So anyway, while I was working with the peppers I remembered the peppers Mac grew about 8 years ago. He bought the seed for these peppers from a little man at the flea market. He asked him what kind they were. The old man laughed a little and replied "don't know their name, but they're hotter'n hell!" As we walked away, our little packet of seeds in hand, he yelled after us "be careful handling them seed...they hot...they really hot!" When we came back by the spot where he'd been, I swear there was no sign he'd ever been there. Mac started humming "do da do do do da do do" from the Twilight Zone. I laughed.
The first pepper plants came up and they were really pretty little plants, thick and bushy and an odd green...not really dark, not quite light...not exactly in between...like I said, odd. Mac went out and hoed around them, fertilized them, making sure to give a good dose of phosphates and when the peppers came on, it was unbelievable. Each bush was over two feet tall, had so many blossoms on them you couldn't count them all and was so thick with leaves you couldn't see daylight in the middle. I got home from work one night and Mac was sitting in his chair, his hands in a bowl of milk. "What in the world are you doing?" I asked. "I picked those peppers for you to can and the old fella was right. They're really hot...you Mother told me to soak my hands in milk to take the burn out. It works. She said sour cream would be better...but I didn't know if she was joking or not." Shaking my head, I walked out to the kitchen and got the tub of sour cream out. Laughing fit to be tied, I handed him a towel for his hands and began to smear the sour cream on them. "She wasn't joking," I told him.
One night at work, we were talking about peppers and I was telling them I didn't know what I was going to do with the ones I had put up because they were too hot for consumption. (Mac had even diluted some with water and used as a spray for garden insects. It killed them dead. Of course it killed the plants, too...) So one of them says "when I eat at the Pizza Hut in Pageland they put the hottest they have out for me to put on my salad, they haven't been able to get me with one to hot, yet!" I guaranteed him that he'd not be able to eat one of these, in fact I doubted that he would be able to stand a drop of the juice. He looked at me as though I may have sprouted a second head, and said "I'll bet you 20 bucks I can eat at least one pepper. You on?" I turned to the Dispatcher and said "you heard that, he has 20 bucks that says he can eat one pepper, right?" She agreed that she had heard him and we made plans for the next night, the bet would be won or lost on single pepper.

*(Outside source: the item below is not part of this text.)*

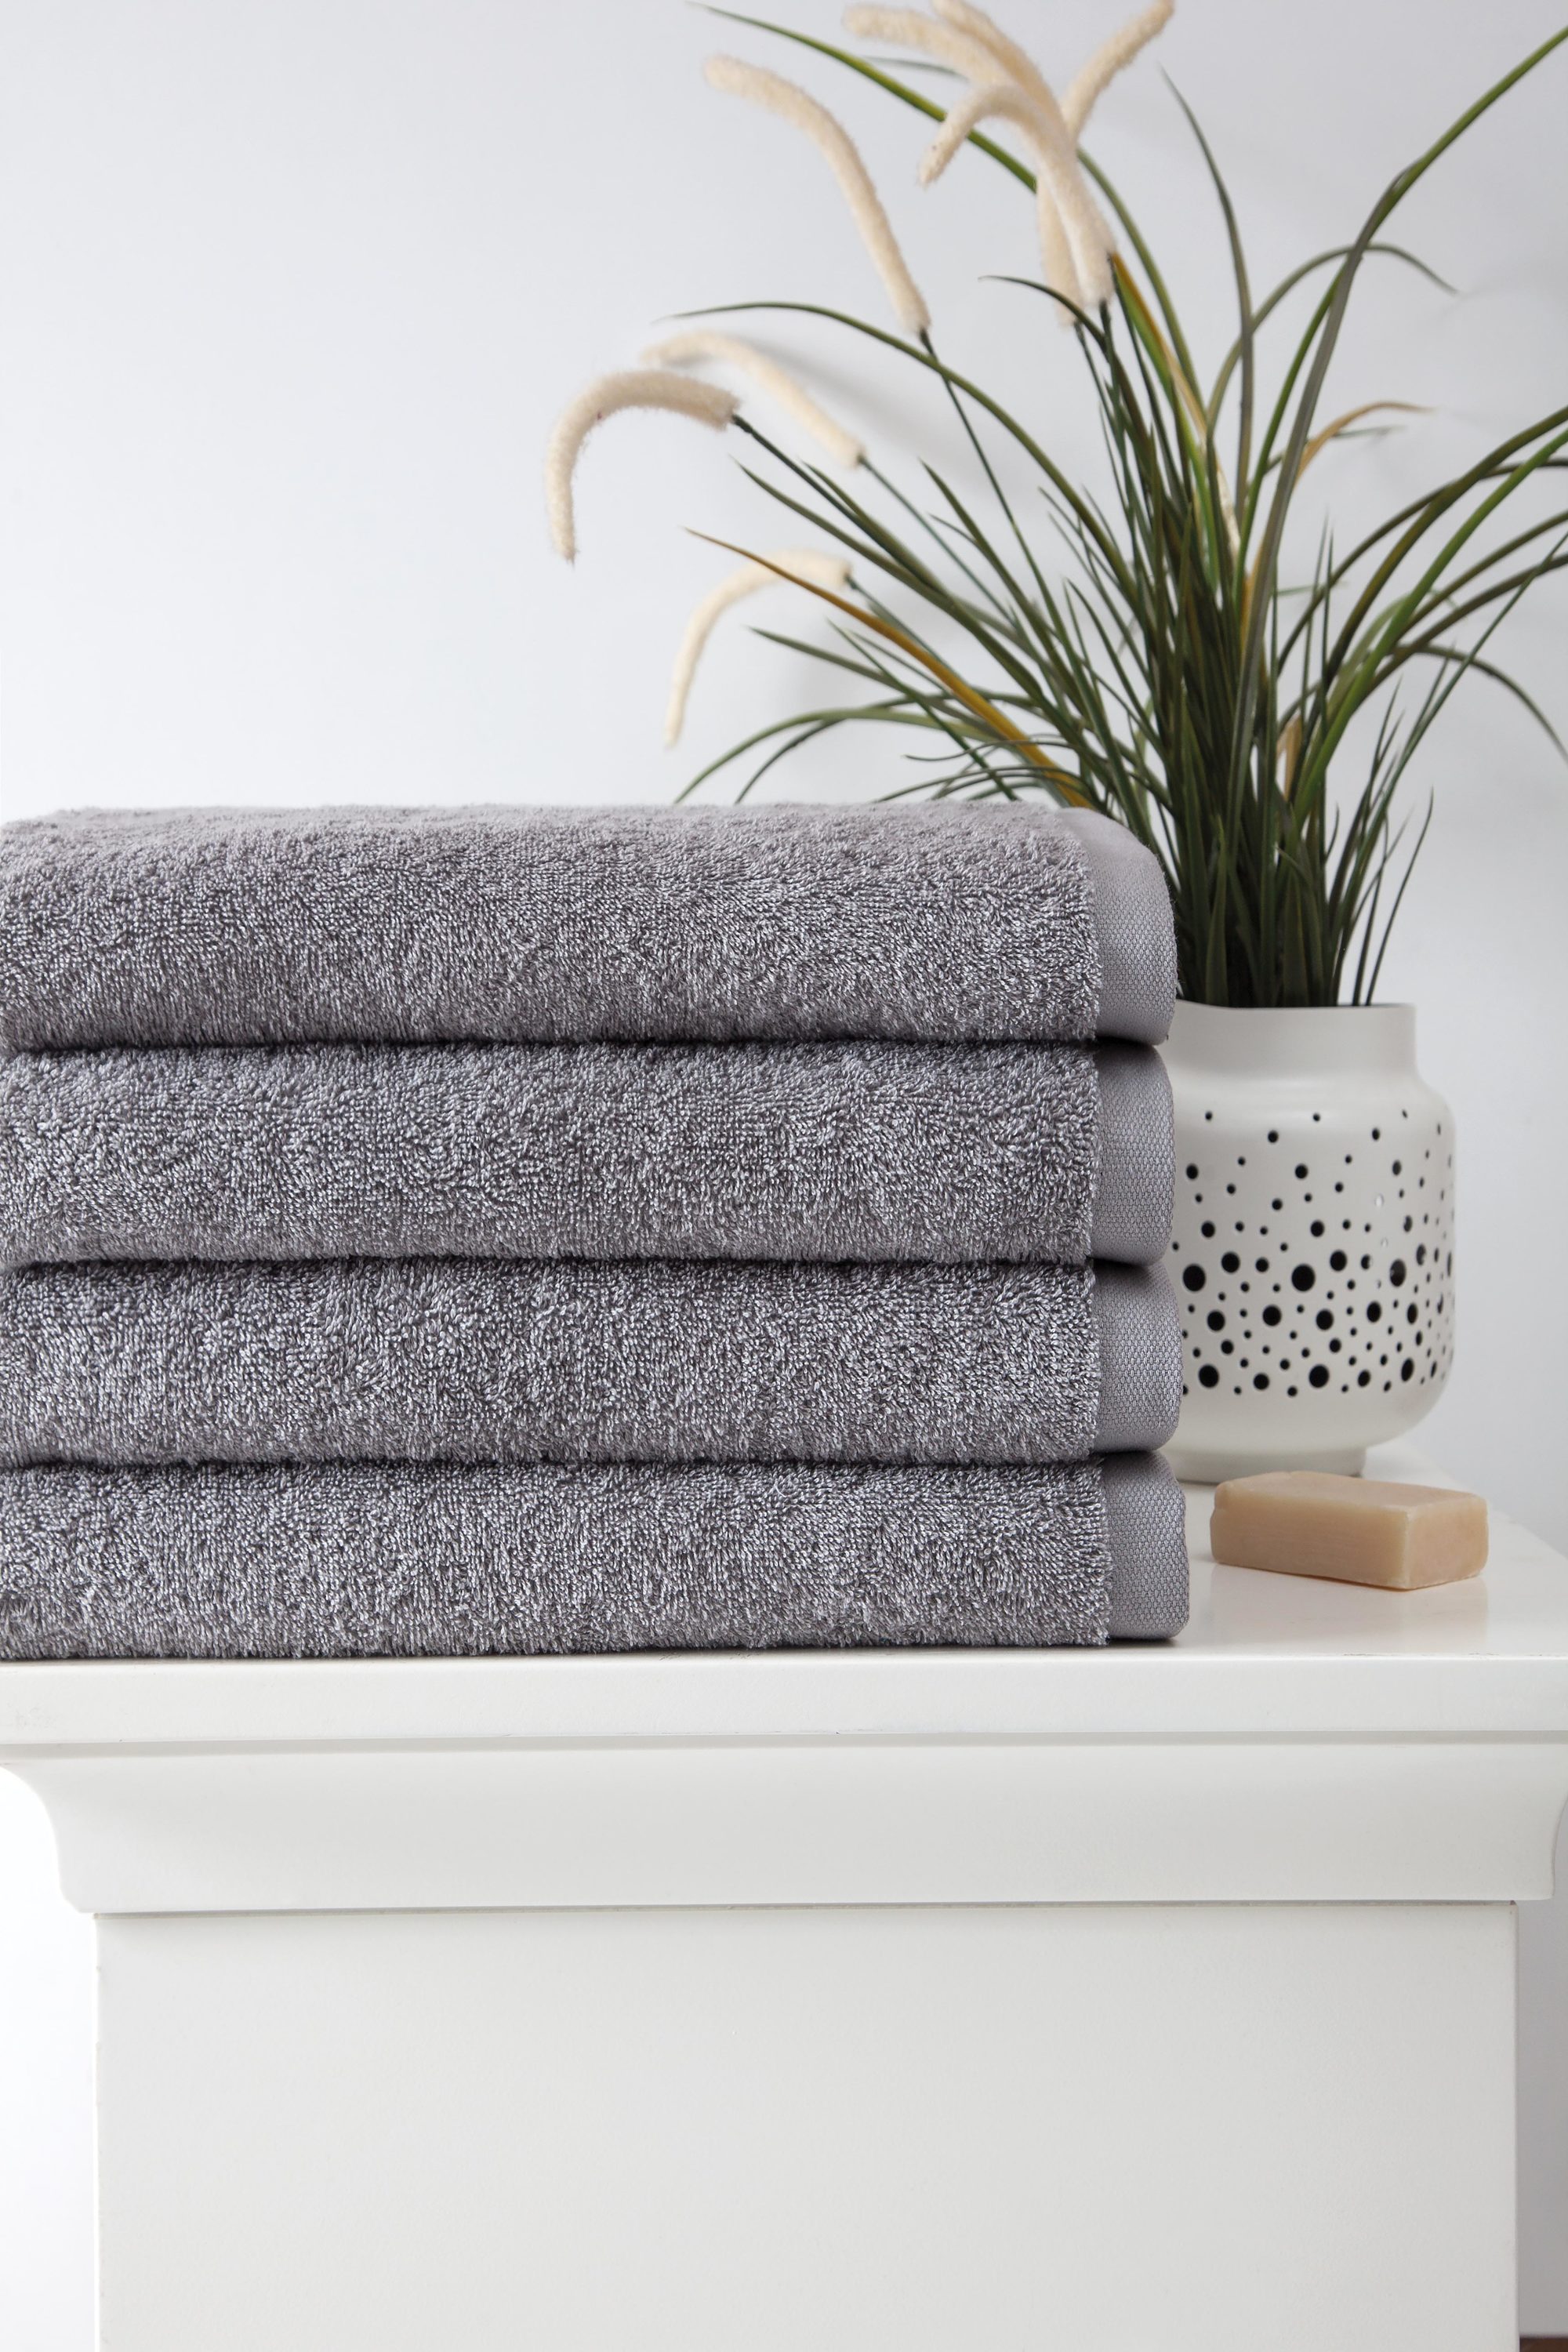 Ozan Premium Home Mirage Collection 54 x 27 Turkish Cotton Luxury Bath  Towel

Just as I was leaving for work the next day, I happened to remember to grab a jar of pepper sauce. I took it to the jail and placed it prominently in the middle of the table in the break room. At 7 pm we were to meet and settle the bet. Imagine my surprise when the break room was filled to capacity and we had to move out to the back lobby to complete the test. I set the jar down and told Deputy Dawg "here you go...just one pepper. That's all you have to eat."
He took the jar in his hands and twisted off the cap's ring. Someone handed him a church key (type of bottle opener) and he handily snapped up the cap. He brought the jar to his nose and inhaled deeply. And began to cough. Then he began to choke. He put the jar down and ran out into the Sally Port and bent double. He then went to the emergency water station and let the water run over his face. After about fifteen minutes, he came (crawled) back inside the lobby and slapped a twenty dollar bill down on the counter. "Remind me never to bet with you again, McBride, okay?"
We worried about what to do with those jars of pepper sauce. Mac wanted to empty the jars in a pit and bury them. I was terrified that they would take sprout. We ended up pouring them in the burn barrel and setting fire to them. It only took one match. We pulled up the plants and burned them, too. As we were turning to leave, Mac took the little envelop with what was left of his seed and tossed them in for good measure. "Tell your dad hello when you get back to hell," he muttered.
And yes, this is a true story...only a name has been changed to protect the ignorant. I mean, innocent.